SINGAPORE – The personal data of nearly 79,400 mobile subscribers of MyRepublic here was accessed by hackers, the mobile operator and Internet service provider said on Friday (Sept 10).
This is the latest incident in a string of cyber attacks in recent months.
The details stolen were identity verification documents related to customer applications for mobile services.
For affected Singaporeans, permanent residents and employment and dependent pass holders, the data accessed included scanned copies of both sides of their NRICs.
Documents such as scanned copies of utility bills that confirm the residential address of foreigners who are MyRepublic subscribers were also accessed.
Customers who ported an existing mobile service had their names and mobile numbers accessed.
The Internet service provider said that there is currently no indication that other personal data, such as account or payment information, was affected.
No MyRepublic systems were compromised and there was no operational impact on MyRepublic’s services, the company said.
It said that on Aug 29, it discovered the unauthorised data access on a third-party data storage platform used to store the personal data of the mobile customers.
The unauthorised access to the data storage facility has since been secured, said the mobile operator.
Its cyber incident response team has also been activated, including a team of external expert advisers such as KPMG, to work closely with MyRepublic’s internal information technology and network teams to resolve the incident.

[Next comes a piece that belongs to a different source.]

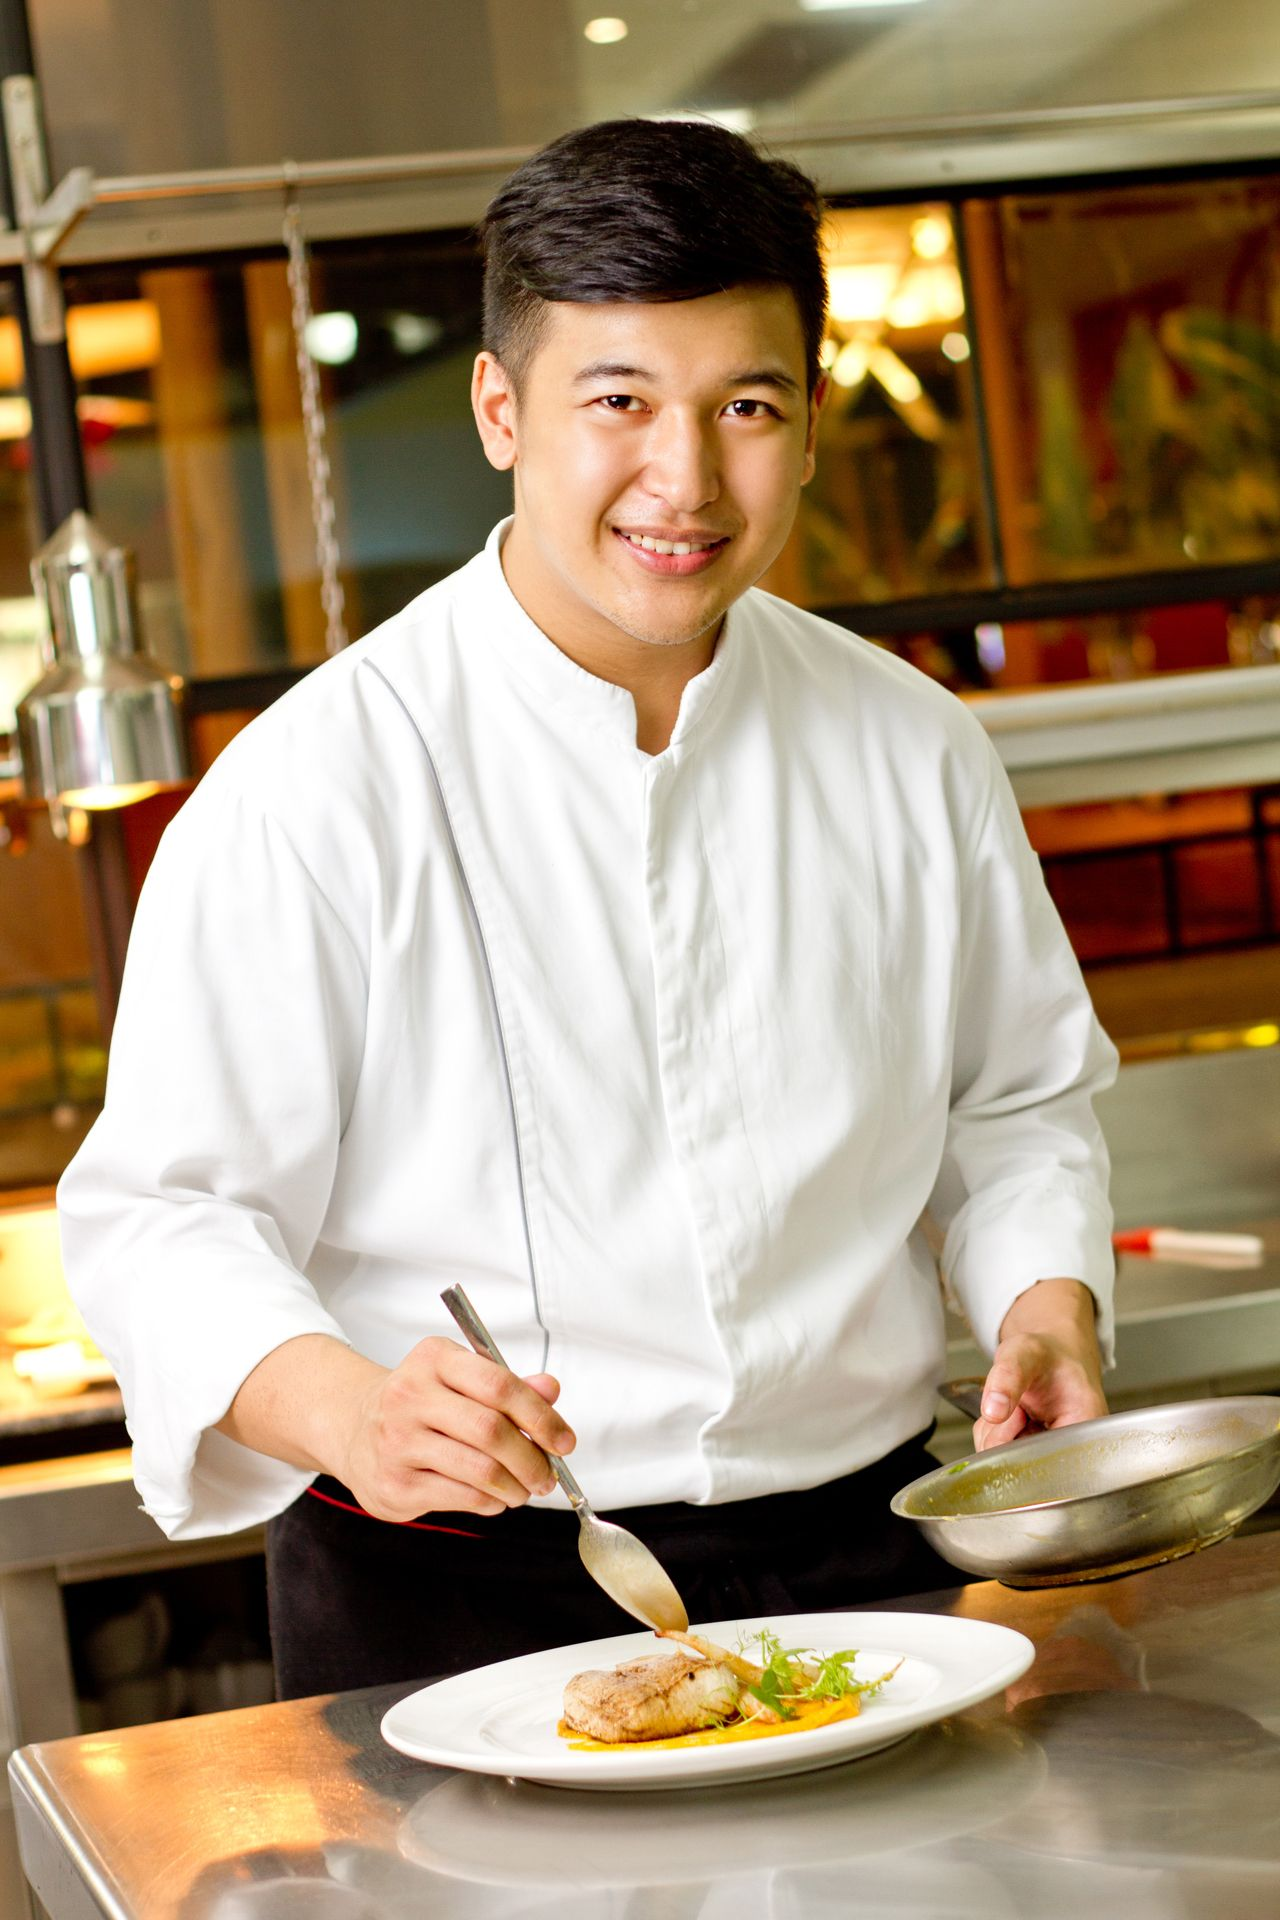 Meet The Chef: Justin Baradas

MyRepublic has notified the Infocomm Media Development Authority and the Personal Data Protection Commission of the issue.
“The privacy and security of our customers are extremely important to us at MyRepublic,” said MyRepublic chief executive Malcolm Rodrigues in a statement.
“Like you, we are disappointed with what has happened, and I would like to personally apologise for any inconvenience caused.
“My team and I have worked closely with the relevant authorities and expert advisers to secure and contain the incident, and we will continue to support our affected customers every step of the way to help them navigate this issue.”
Last month, a ransomware attack affected the personal data and clinical information of nearly 73,500 patients of a private eye clinic.
At the time, it was the third such reported incident in August.
The information included names, addresses, identity card numbers, contact details and clinical information such as patients’ clinical notes and eye scans, said Eye & Retina Surgeons on Aug 25.
On Aug 16, insurer Tokio Marine Insurance Singapore said it was hit by a ransomware attack.
It said at the time that there was no indication of a breach of customer information nor confidential information of the Tokio Marine Group.
On Aug 19, The Business Times reported that Singapore-based tech company Pine Labs fell victim to ransomware too.
The firm is a Temasek-backed payments platform.
Hackers were said to have stolen confidential documents between Pine Labs and several Indian banks, and held the information hostage.